Investing in newly listed IPOs can be tempting due to their potential for high returns. However, it's crucial to remember that these newest companies on the stock market also carry inherent risks. Unlike established companies with a long track record, recently listed IPOs may have limited information available, making it difficult to assess their future performance accurately.

Therefore, thorough research is essential before considering any latest IPO listing. It involves delving deep into the company's financials, industry trends, and market conditions. This research will help you understand the potential risks and rewards associated with the investment.

Ultimately, investing in listed IPOs should be based on your circumstances. Consider your long-term investment goals and risk tolerance. If you are a risk-averse investor seeking short-term gains, newly listed IPOs may not be suitable.
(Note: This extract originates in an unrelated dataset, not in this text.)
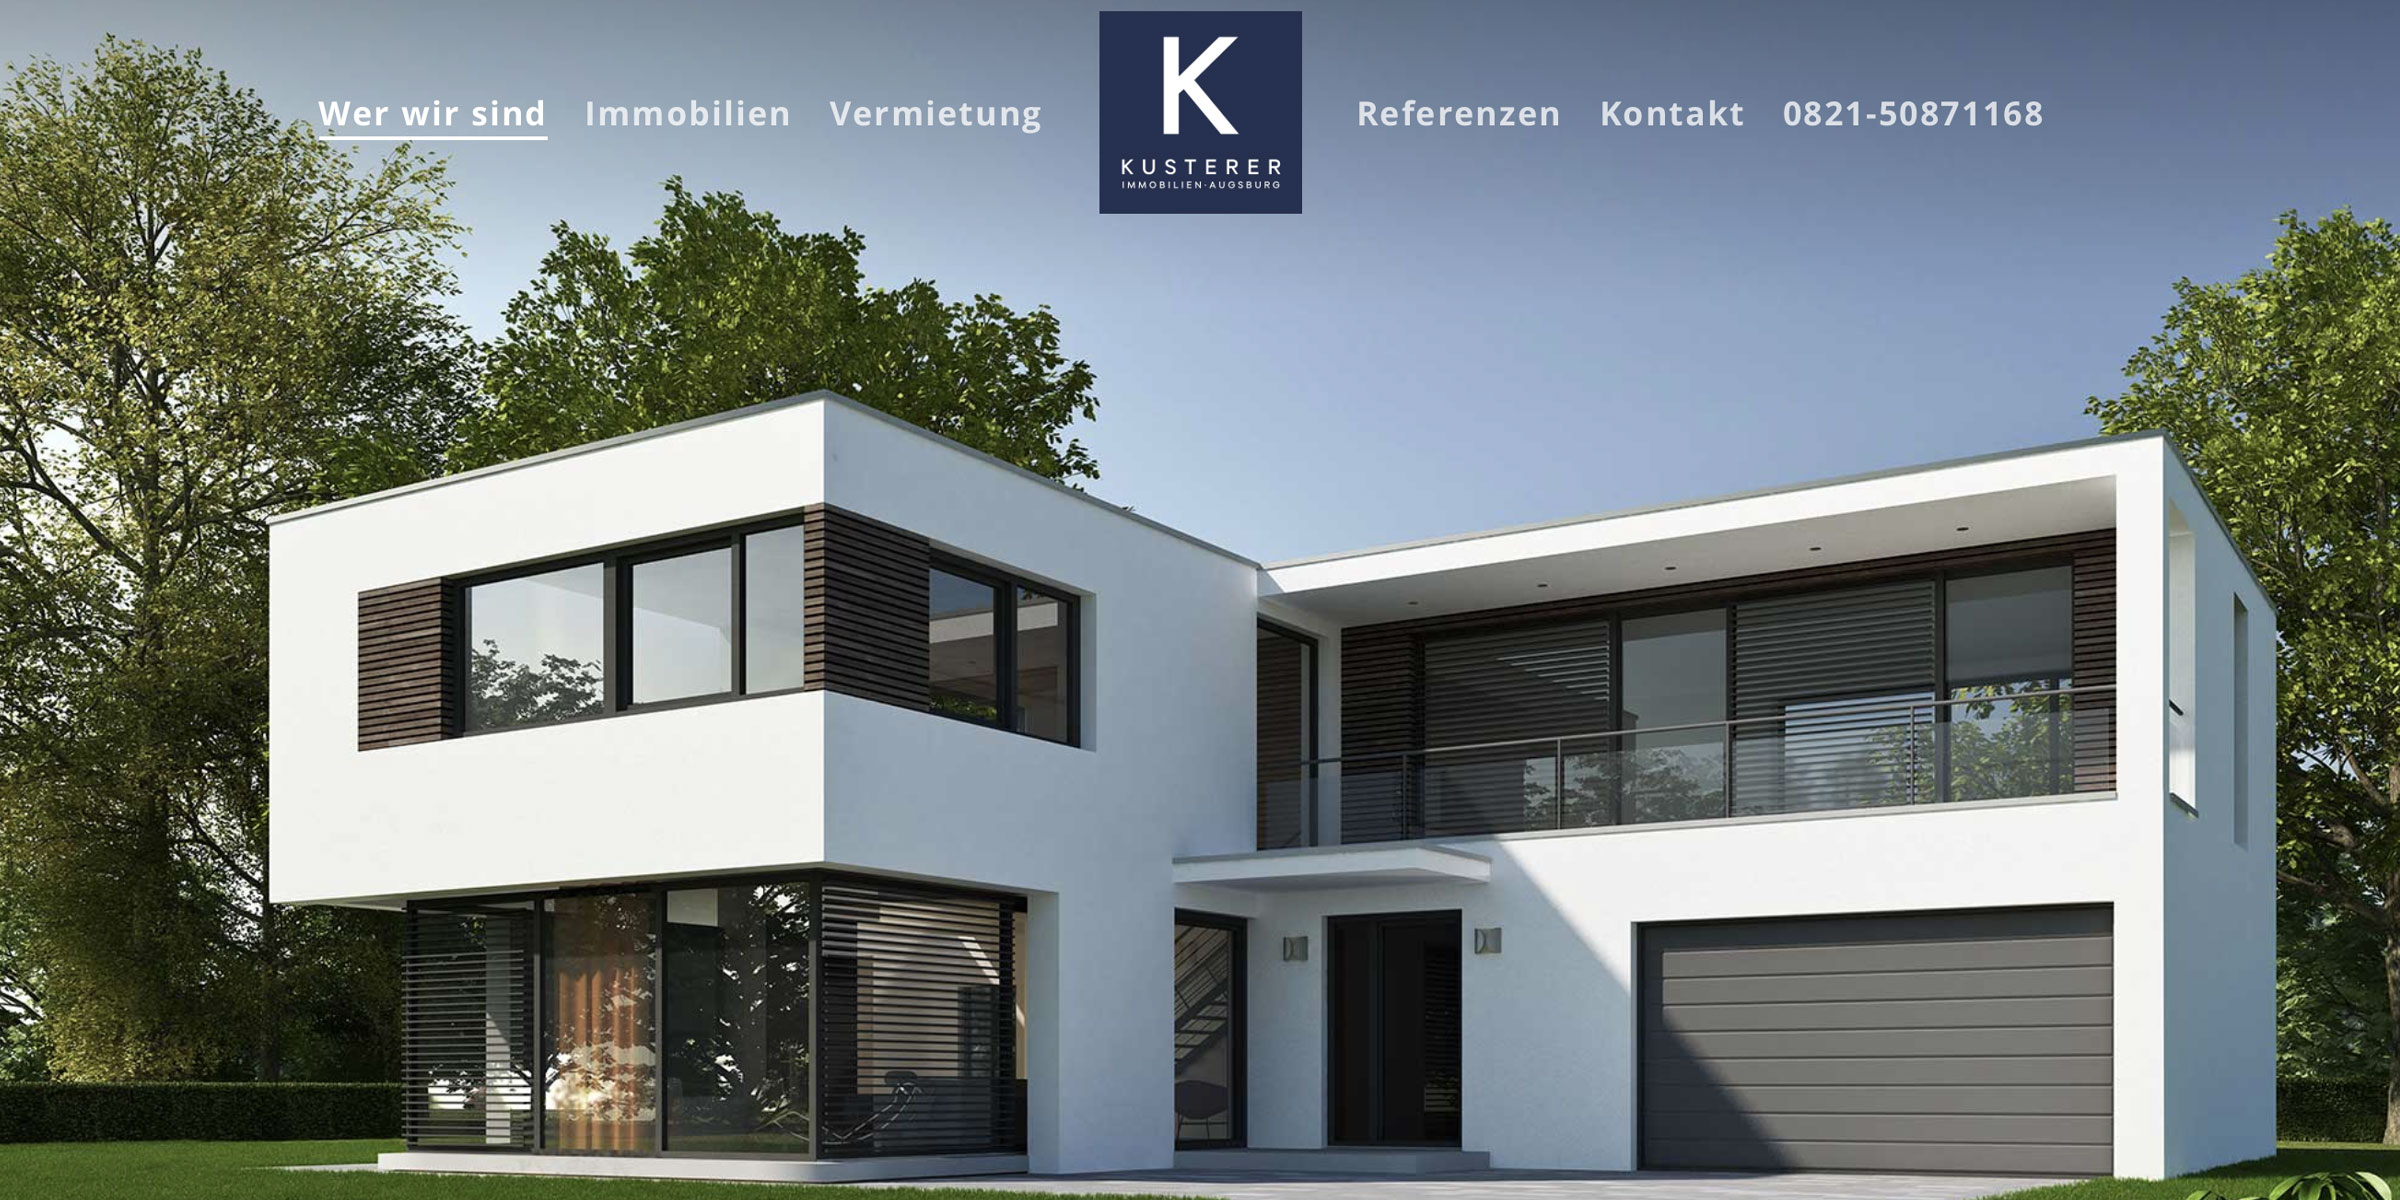 Homepage für den Immobilienmakler aus Augsburg

Carefully analyzing and aligning your financial objectives are crucial before making investment decisions.

In the context of listed IPOs, listing gain refers to the positive difference between the issue price and the listing price of the shares.

Here's a breakdown: Issue price: This is the price at which the company offers shares to investors during the listed IPO application window. Listing price: This is the initial price at which the shares start trading on the stock exchange after the listed IPO process is complete.

Therefore, if the listing price is higher than the issue price, investors allotted shares during the listed IPO application process experience a listing gain.

This gain is calculated by subtracting the issue price from the listing price and multiplying the result by the number of shares allotted. It's important to remember that listing gains are not guaranteed and can be volatile. While some listed IPOs experience significant gains on the listing day, others might not or even trade below the issue price, resulting in a loss for investors.

You can check the performance of a recently listed IPO by looking at its stock price on financial news websites, stock market apps, or through your brokerage platform. Most of these sources provide real-time data on price movements and historical performance.

After going public, companies must file regular financial reports with regulatory authorities, such as quarterly and annual reports (10-Q and 10-K in the U.S.). These reports contain details on revenue, profit, expenses, and other key financial metrics.

The stock price of a recently listed IPO can be influenced by factors such as overall market conditions, investor sentiment, company performance, news and announcements, and market demand and supply dynamics.

The listing date is significant because it marks the first day the company’s shares are traded on the stock exchange. It can affect investor sentiment and increase volatility as the market determines the stock's fair value.

Yes, once an IPO is listed and trading on the exchange, you can buy shares anytime during market hours, just like any other publicly traded stock.

Before selling shares of a listed IPO, consider the current market conditions, your investment goals, tax implications, the company’s performance, and whether you believe the stock still has growth potential.

Lock-in periods are predetermined after an IPO during which major shareholders (like insiders and company executives) cannot sell their shares. If you are not subject to a lock-up period, you can sell your shares any time after the IPO listing.

Risks include price volatility, potential overvaluation, lack of historical performance data, and uncertain future performance. Additionally, companies may face challenges that can negatively impact their stock price post-IPO

You can find news and updates on a listed IPO through financial news websites, stock market apps, and social media platforms. Following the company's official communications, such as press releases and investor presentations, can provide valuable insights.